S’il ne s’agit que d’un
changement de façade à mes yeux, c’est d’abord parce qu’Emmanuel Macron était
tout autant le candidat du Parti socialiste que Benoît Hamon, quoique promu par
une voie différente et plus occulte, et parce que le parti de Marine Le Pen,
que l’on parle du Front national ou d’un hypothétique Rassemblement bleu Marine
post-présidentielles plus large, tend de plus en plus à incarner la droite
républicaine telle qu’elle existait jadis, quand les Républicains, eux,
penchent de manière assez évidente au centre ou au centre-droit selon les cas,
le RPR ayant été absorbé par l’UDF et non l’inverse.

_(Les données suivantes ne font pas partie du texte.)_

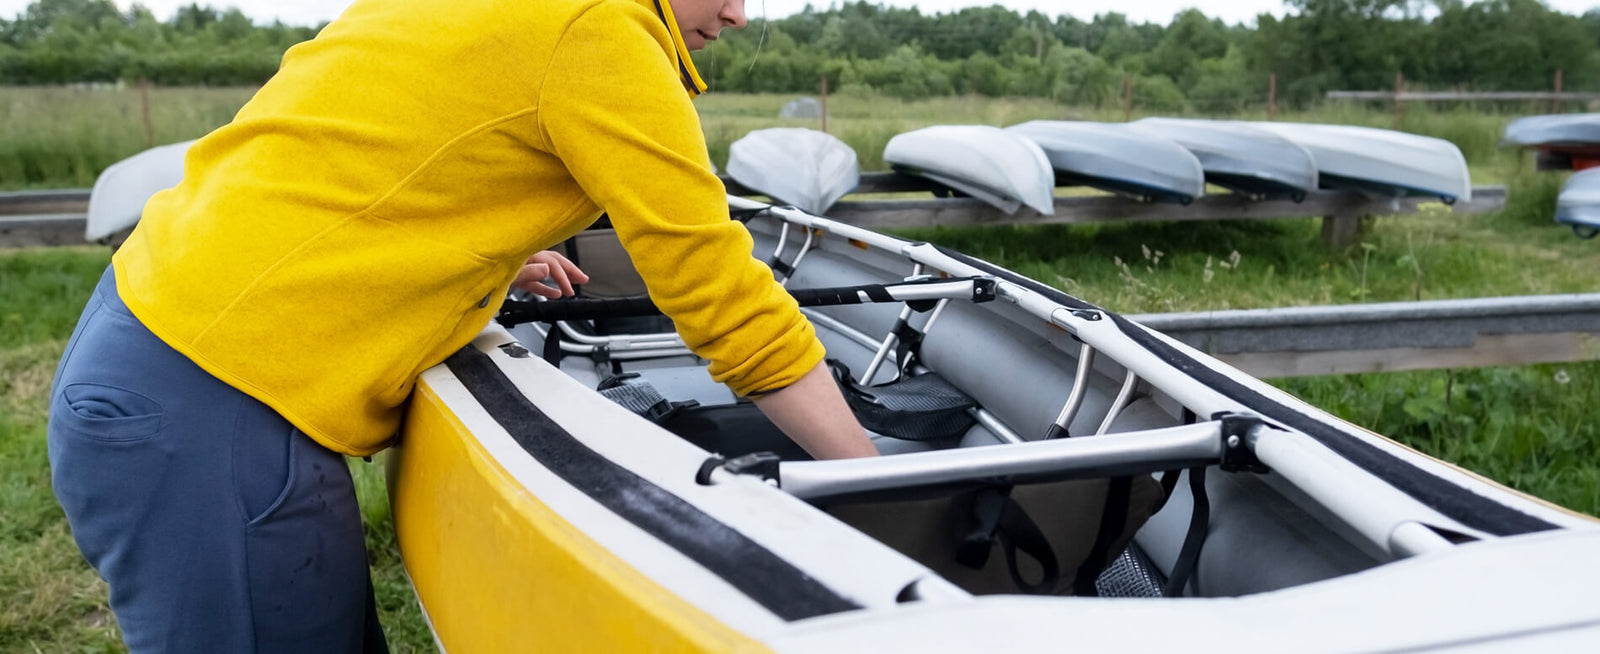 What to Wear Kayaking: Layering Tips

S’il doit y avoir un véritable
bouleversement politique à l’occasion de cette élection présidentielle, c’est
bien plutôt par un jeu de recomposition qui n’est en vérité qu’une
clarification assez nécessaire : en ne soutenant pas Benoît Hamon, toute
une frange du Parti socialiste a soutenu Macron ne serait-ce que par un silence
significatif dans le meilleur des cas ; en appelant à voter pour le même
Macron au second tour de l’élection, presque tous les représentants historiques
des Républicains, de François Fillon à Alain Juppé en passant par Nicolas
Sarkozy, ont prouvé que l’opposition entre centre-gauche et centre-droit n’avait
bel et bien été que du cinéma pendant des années. Au vain spectacle d’illusionniste
de l’opposition gauche-droite, simulacre advenant sous le regard bienveillant de
l’Union européenne aux commandes, doit succéder une confrontation plus vive car
plus réelle entre les tenants de la mondialisation d’un côté, et ceux des états
nations de l’autre, à cela s’ajoutant une mise en question des élites
politiques et de leur rôle.
Bien que le royalisme ni, plus
précisément, le légitimisme ne soient naturellement pas concernés par une telle
élection présidentielle, une connaissance correcte de l’histoire de France
ainsi qu’un regard plus exigeant sur les institutions et leurs conséquences pourraient
permettre d’y voir un peu plus clair dans l’émergence de ce clivage qui
couvait, en vérité, depuis Maastricht et qui ne pouvait que s’imposer de plus
en plus depuis le referendum sur la constitution européenne de 2005, organisé
sous Jacques Chirac, et son reniement effectué par voie parlementaire à travers
le Traité de Lisbonne, sous Nicolas Sarkozy. Car si l’on peine à définir un
thème véritablement prédominant dans cette campagne présidentielle au niveau
médiocre, symbole indubitable de notre triste époque parmi tant d’autres, on
peut tout de même estimer que c’est l’opposition entre mondialisation et
souveraineté qui est la plus parlante, et par laquelle on peut regrouper
d’autres thématiques. Alors, certes, ce n’est hélas pas de souveraineté royale
dont il est question, la seule véritable et opérante sans laquelle ce débat ne
serait pas pertinent de la même façon, mais plutôt de la question d’une
indépendance plus ou moins relative, garantie par le chef de l’Etat d’un régime
contestable autant par son histoire que par sa forme.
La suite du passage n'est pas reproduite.